User Story: As a search engineer I don't want there to be any big language analysis surprises when we upgrade from Elasticsearch 6.8 to 7.10.

We can do a relatively quick check on 500–1000 random documents from a selection of Wikipedias and Wiktionaries, to test language-specific analysis and a variety of scripts. I will also test some additional "rare" characters (such as ♙, ☥, 〃, and 〆—see T211824: Investigate a “rare-character” index and 6cac1cbae6c4).

If there are no big issues, it should be relatively quick. If there are any big issues, well then it'll be a good thing we found them. (We really want to detect problems like the Chinese punctuation problem in T172653—though admittedly that was not caused by an upgrade.)

We are planning a similar analysis from ES 6.5 to ES 6.8. (See T300302).
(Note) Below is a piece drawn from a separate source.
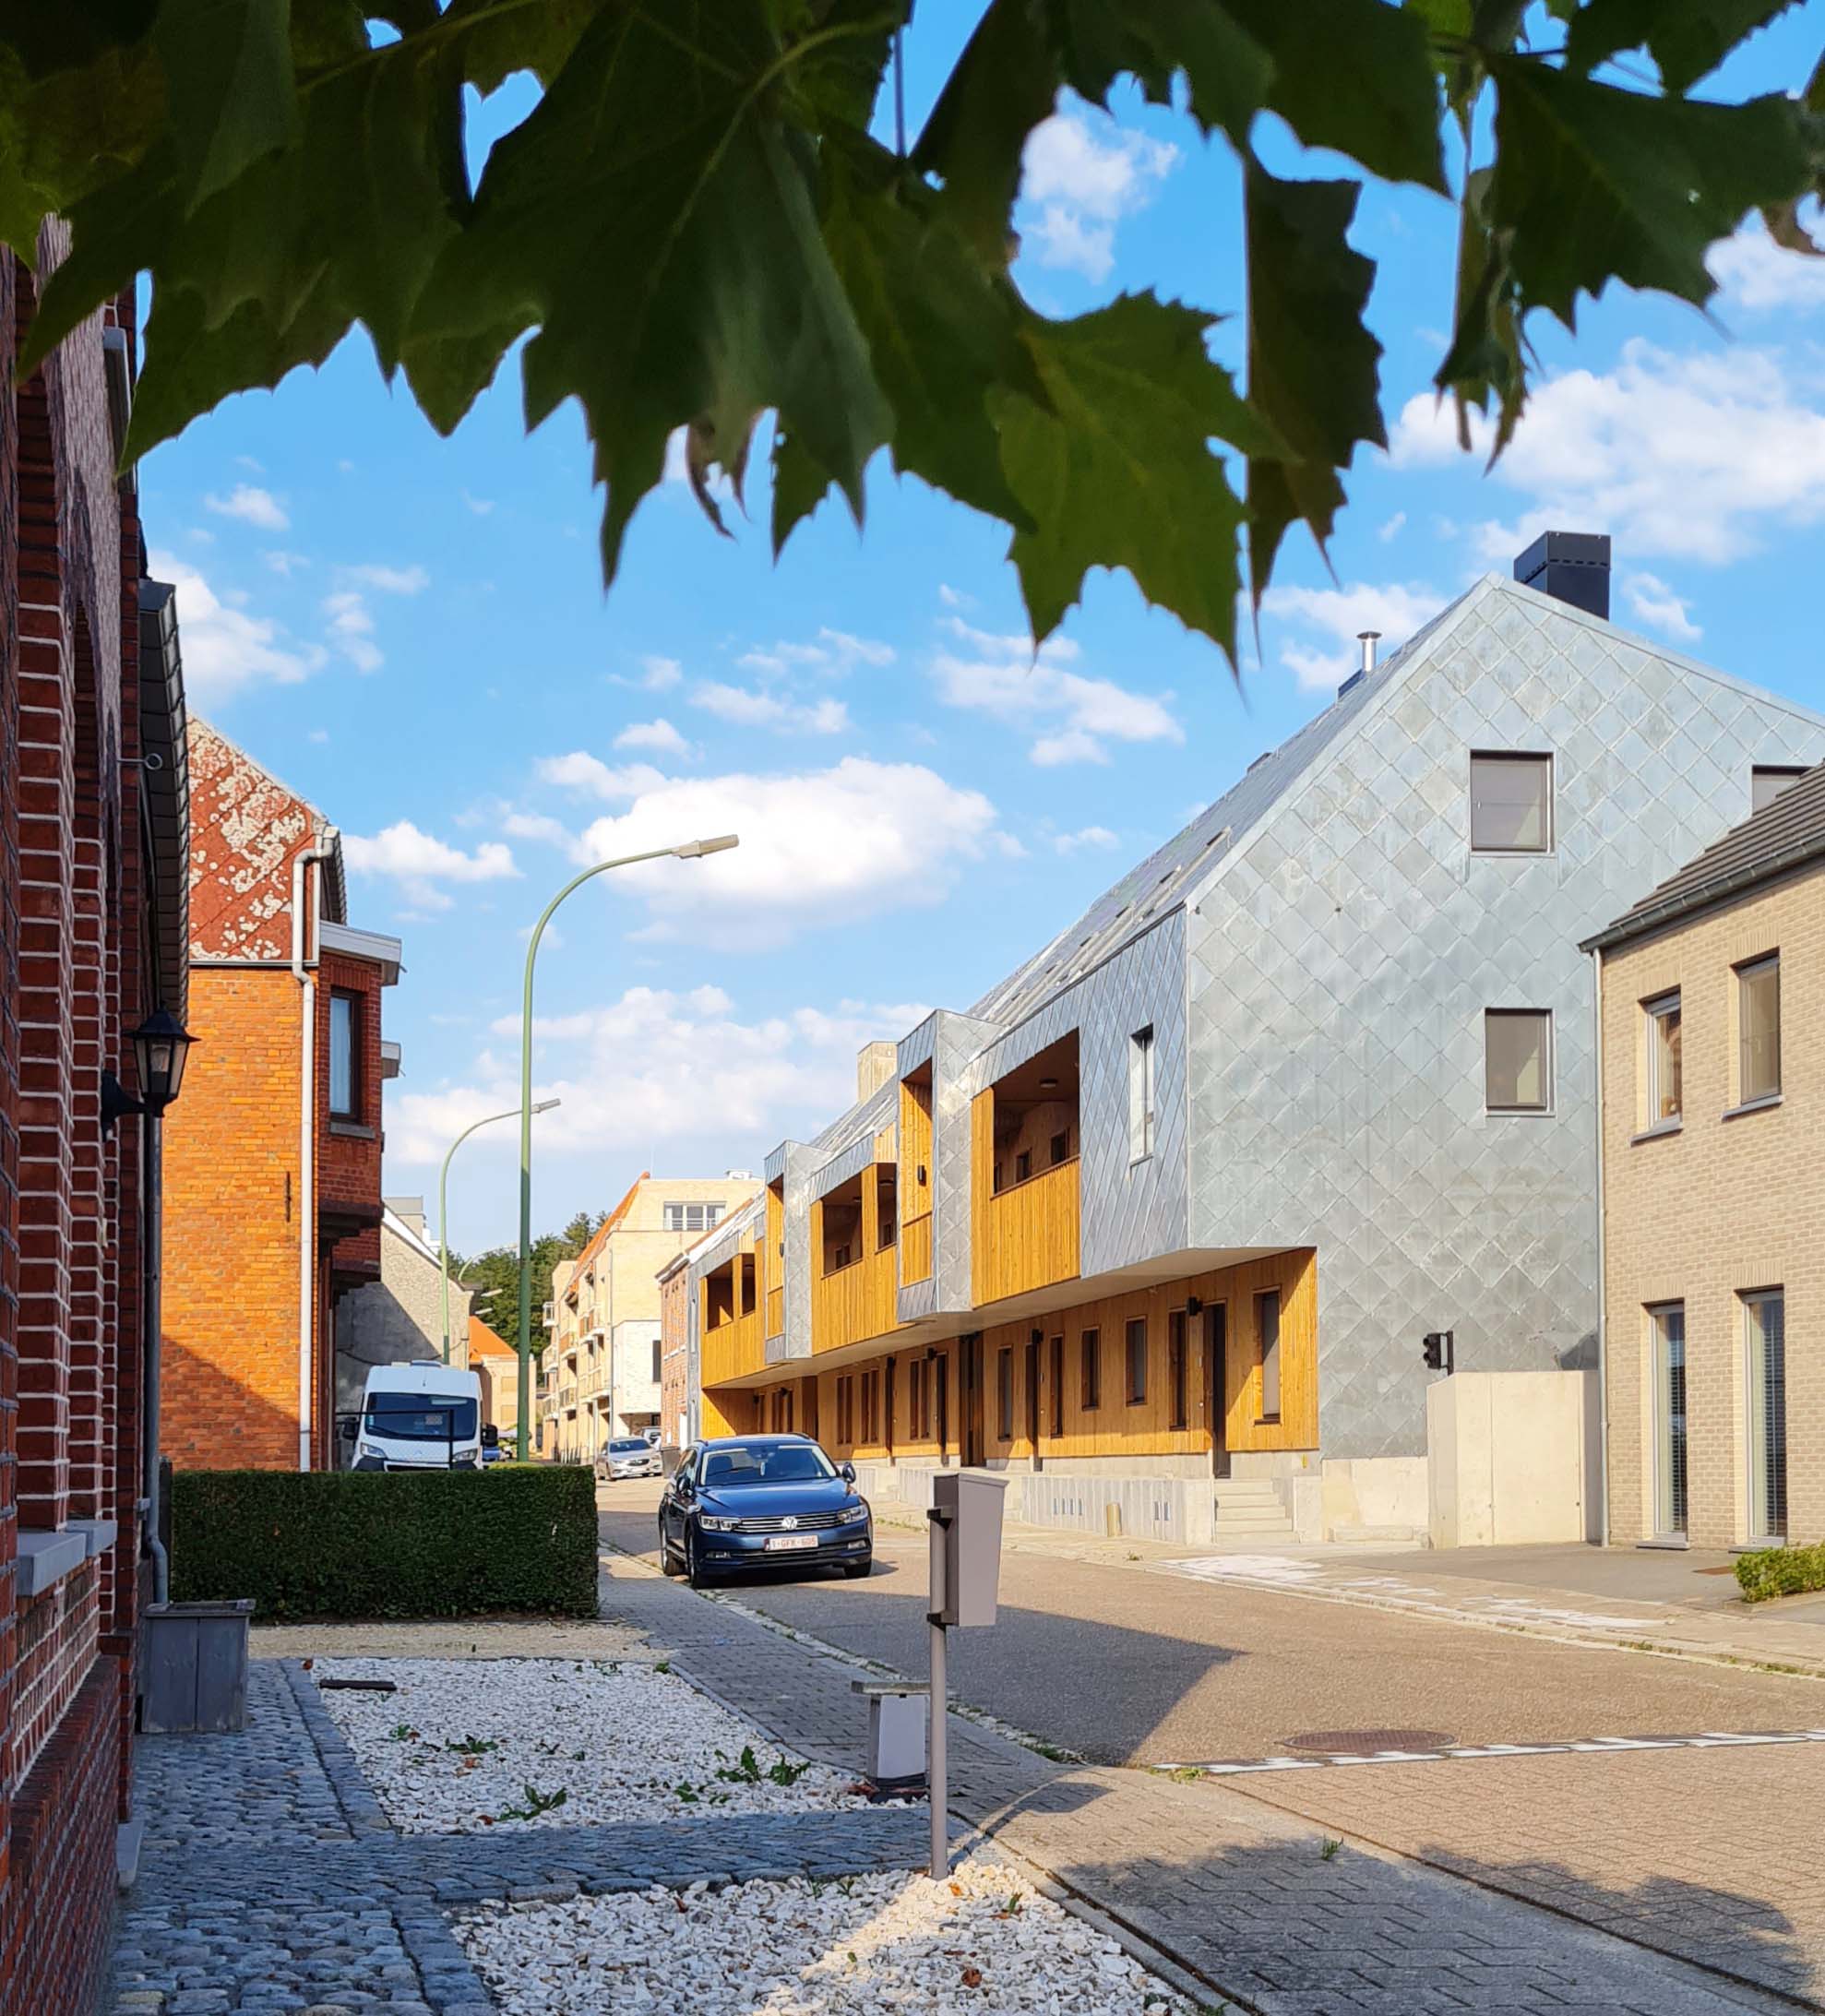 Trojka, collective housing, Scherpenheuvel-Zichem

Review notes from 6.5 to 6.8 upgrade for potential tokenizer issues, especially "Next Steps" / "Start fixing stuff" list.

Acceptance Criteria:

  • Report on language analysis diffs between ES 6.5 & 6.8 and ES 7.10
  • New phab tickets for any big issues that need to be addressed

Event Timeline

TJones set the point value for this task to 3.Feb 7 2022, 5:01 PM

Updated story points and task description based on experience with T300302.

Summary:

  • There are no changes to most analyzers between 6.8 and 7.10.
  • The most impactful (and most debatable) changes to the Nori (Korean) tokenizer made between 6.5 and 6.8 have been reverted (keeping the smaller, better changes).
  • The Thai tokenizer now allows some less commonly used Unicode characters through, where before it would delete/ignore them.
  • The problem of narrow non-breaking spaces (NNBSP) that existed in the 6.5 ICU tokenizer and that was introduced in the 6.8 standard tokenizer persists, so I'm going to patch it.

My full write up is on Mediawiki.

I should have a patch with the NNBSP fix tomorrow.

Change 825926 had a related patch set uploaded (by Tjones; author: Tjones):

[mediawiki/extensions/CirrusSearch@master] Enabled Global Filters for Narrow No-Break Space

https://gerrit.wikimedia.org/r/825926

Thanks for the write-up! Leaving the ticket in Needs review for a couple days so that others have a chance to review it as well.

Change 825926 merged by jenkins-bot:

[mediawiki/extensions/CirrusSearch@master] Enabled Global Filters for Narrow No-Break Space

https://gerrit.wikimedia.org/r/825926